Perhaps the most pernicious problem is the simplification of practice that is immensely complex

Teaching is a non-causal practice but EBP relies on causal research, with random controlled trials as the gold standard. That neglects the breadth of research that supports understanding of – and engagement with-  the complexity of teaching. The range of teaching approaches become limited to  options offered from causal research. 

The children and young people who do not comply directly or indirectly to respond in the pre-determined manner are problematised and excluded rather than looking at the full breadth of evidence from practice to problem solve and design action to support stronger relationships between teaching and learning

One of the most inequitable education systems in the world

Teachers’ work is simplified, supporting arguments that anyone can teach. ITE is denigrated for developing pre-service teacher (PST) ability to engage with the complexity of teaching. It alsosupports a  return to the reproductive model of teacher training absent of critical thinking, reflection, and engagement with theory and research. Ultimately, the status quo is maintained, along with the ranking of Australia as one of the most inequitable education systems in the world.

EBP limits teaching approaches by sacrificing  teacher autonomy for claims of causality. The prioritised practice is a conceptualisation of explicit teaching positioned in the camp of direct instruction (see the CESE definition of explicit teaching and representations of explicit teaching by the NSWDoE in the Sydney Morning Herald compared to that articulated clearly in the Ambassador Schools Project). 

Positioning explicit teaching (ie. direct instruction in this case) in opposition and superiority over inquiry-based teaching, creates a false binary. This is constructed through misunderstanding and misrepresentation of inquiry based teaching. It neglects  the essential inclusion of explicit teaching within inquiry based teaching along with a range of approaches necessary to build relationship between teaching and learning with the diversity of students. 

Other professions have questioned, challenged, even moved on from EBP. Social work has recognised the damage of EBP as ‘evidence-based oppression’ through neglect for attention to structural issues in society favouring the neoliberal focus on individuals and individual responsibility.

What is needed in education to pushback on the dominance of evidence-based practice?

Broad understanding of the problem is needed beyond academic discourse. We have over twenty years of academic critique of EBP. Yet it  it rarely reaches professional media for teachers, school leaders and other education stakeholders to access. It rarely reaches mainstream media for parents/carers and the broader general public.

False claims need to be highlighted. Amongst the many falsehoods espoused in the construction of EBP’s dominance is the absence of evidence in EBP claims.

In the subordination of teachers, research is pre-digested into easy-to-read summaries for teachers to know the practices being prescribed are ‘evidence-based’. Such pre-digestion of research is selective presentation of evidence to promote desired practices. It further removes teachers from engagement with research evidence. 

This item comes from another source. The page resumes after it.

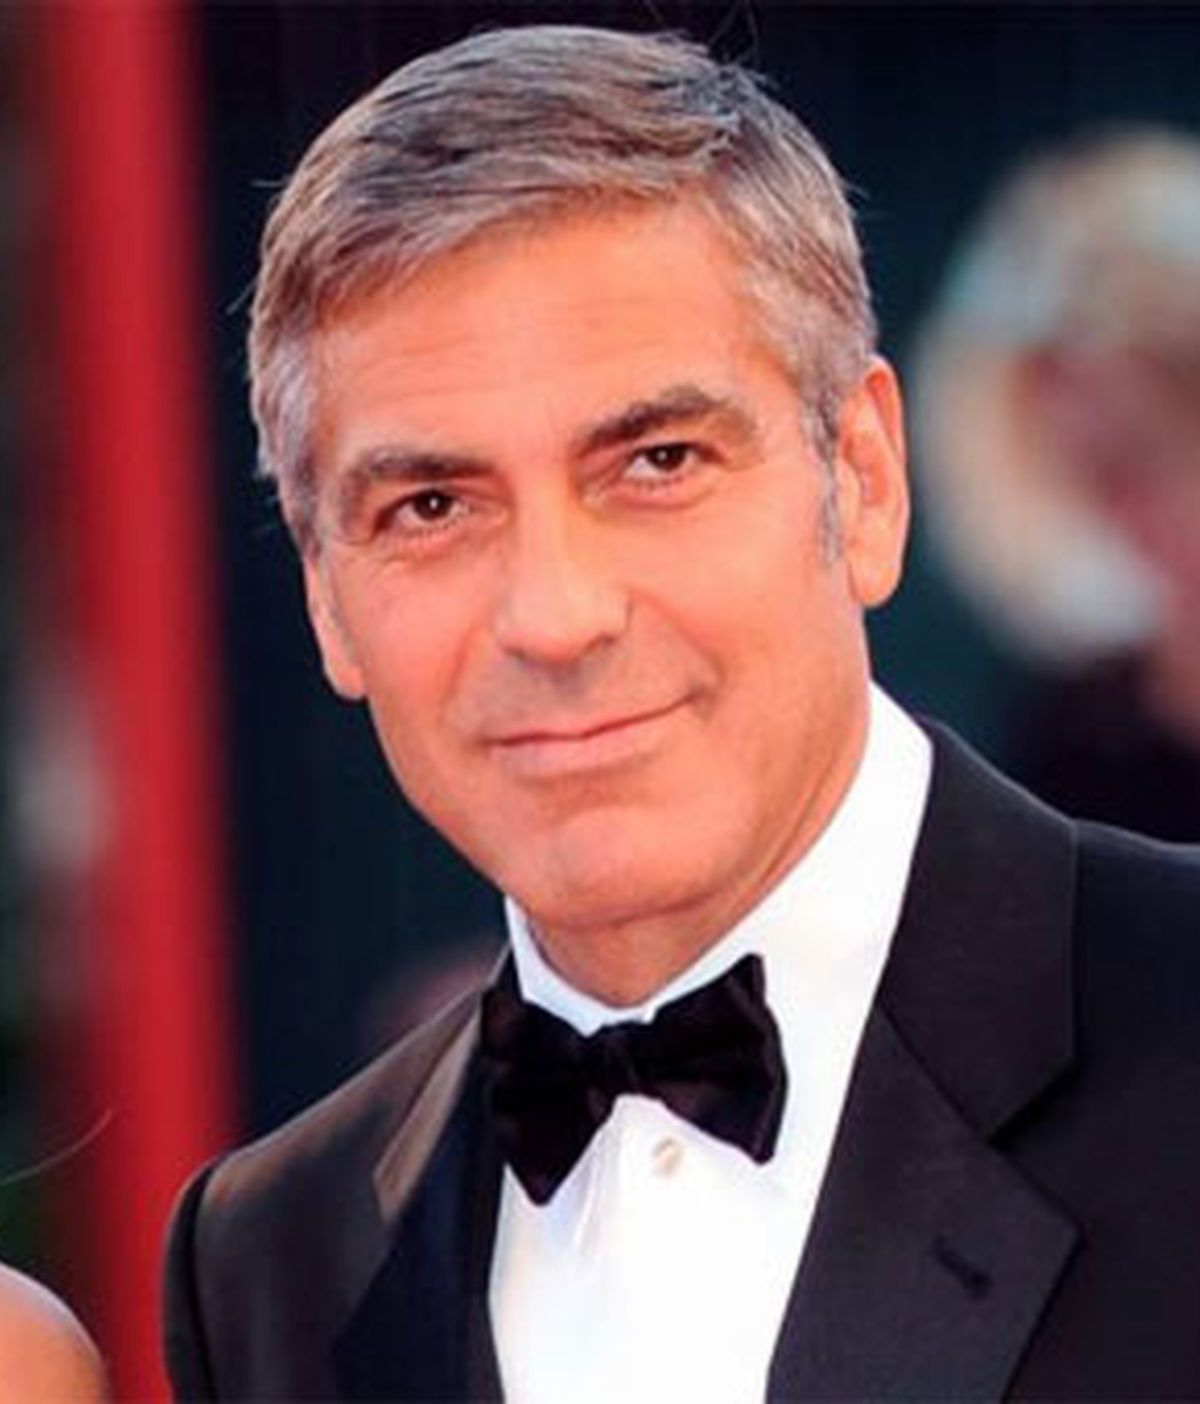 Imagen de archivo de George Clooney. Foto: EFE

AERO’s latest guide Assessing whether evidence is relevant to your context – For educators, teachers and leaders directs teachers to AERO’s own materials. One document referred to is Formative assessment: Know where your students are in their learning which simplifies the research on formative assessment to consideration of just six papers summarised in two pages. It neglects key aspects and oversimplifies leading to errors. Further examples of ‘evidence’ disseminated to teachers in pre-digested formats include CESE’s Cognitive load theory: Research that teachers really need to understand which is based on a paper widely critiqued as a strawman fallacy. CESE’s paper is then relied upon by AERO in their presentation of evidence for cognitive load theory to teachers.

AERO leads to more AERO

Teaching must be valued for the complex, ‘problematic’ practice that it is. Wider understanding is needed on how teachers have and do use evidence to build relationship between teaching and learning to support other teachers and school leaders, along with teacher educators and PSTs. Teachers have been making evidence informed decisions for action long before the emergence of EBP. Matthew Clarke reminded us at the AARE/ATEA/ACDE event that evidence is not proof, and that evidence cannot speak for itself, rather evidence must be interpreted. 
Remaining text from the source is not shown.